ANSWERS AND MY COMMENTARY:
[1. a
Whether the story of bondage in Egypt is true is at best arguable according to archeology. It may come as a shock to believers, but many events and characters in the Hebrew Bible (what Christians might call the Old Testament) are literary composites, pious fictions, and stories that might have power as myths but not as actual, literal histories. The Christian Bible, too.

2. c
According to tradition, the name Moses means "drawn from the water." This could be a folk etymology. See here for a deeper discussion.

3. d
This is the classic tale of Moses' first encounter with God. In religious studies, thanks mainly to the work of the religious historian Mircea Eliade (a big influence on my thinking), the sudden and significant appearance or manifestation of the sacred is called a hierophany (from the Greek hieros [sacred] + phainein [appearance]).

4. a
While it's always tempting to pick "holy" numbers like 3 or 7, the answer is 10. All three of these numbers represent some form of perfection or completeness.

5. c
The original wording of this question said "tenth and final plague" which, had you taken the actual quiz and gotten question 4 wrong, you could have gone back and corrected yourself upon seeing the phrase "tenth and final." So I removed the "tenth and."

6. a
Red Sea, Reed Sea, poh-tey-toh, poh-tah-toh.

7. a
If you cook, you could probably guess the answer to this one. Challah is an ancient bread, but its current form dates back only to post-medieval Europe (braided challah = 15th-century Europe). This was the question I guessed on. Challah just struck me as a modern-ish bread. Turns out I was wrong about how old challah really is (and the word can have the generic meaning of "loaf"), but my surmise led me in the right direction.

8. d
Judaism and the phrase unleavened bread (i.e., bread without yeast or other rising agents like baking soda or baking powder) are intimately associated. This one was easy.

9. b
Think it through logically. Even if certain Jews reject this, Christians consider Jesus to have been a devout, practicing Jew who, at a young age, was found debating theology with Jewish scholars at the great Temple (i.e., the Second Temple) in Jerusalem. In grad school, our prof once invited a rabbi to our class on interreligious dialogue. This rabbi sourly dismissed the idea that Jesus' Last Supper was some form of Seder, but plenty of theologians argue otherwise. I'm not enough of an expert to comment one way or the other on the Seder issue; both sides of the argument seem to have a point. The actual Seder supper contains elements of historical remembrance in it that aren't found in the New Testament account, and Jesus' "This is my body, this is my blood" symbolism would seem—aside from appearing cannibalistic—to fly in the face of Jewish theology, an objection that Jesus himself faced the moment he said, after quoting Isaiah, that "this scripture has been fulfilled today in your hearing," a scandalously arrogant claim to Jewish ears.]

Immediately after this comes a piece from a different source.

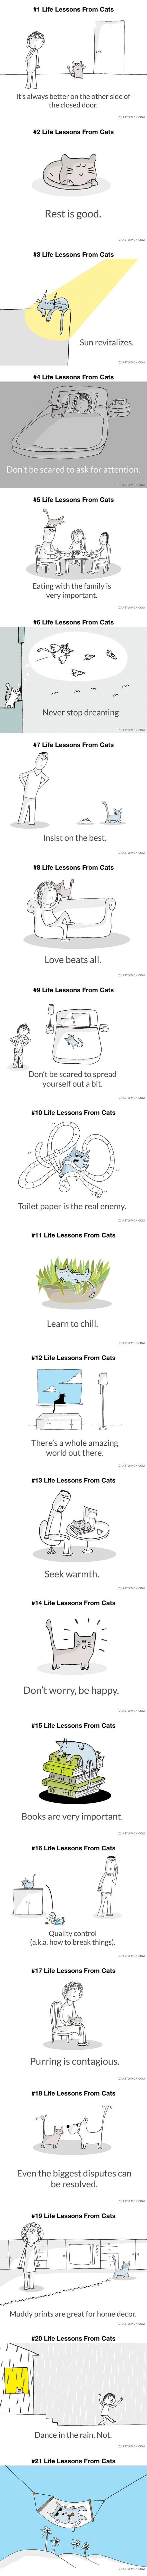 life-lesson-from-cats

The above commentary provided for each answer is my own. Take the Prager U. quiz here to see Prager U.'s commentary on the same answers. You'll see that it's much more rooted in scripture and much less tinged with the academic's hermeneutic of suspicion.

Side note: I somehow didn't realize I'd be departing the States on Palm Sunday. It'll be Holy Week when I get back to Korea. The Buddha's birthday in Korea, meanwhile, is on May 5 this year. Other countries celebrate Vesak on May 12 this year.


1 comment:

  1. I missed three (4, 7, and 9). Despite all those years of Sunday School attendance (aka, indoctrination), I must not have been paying proper attention. Sort of like in grammar school. Oh well.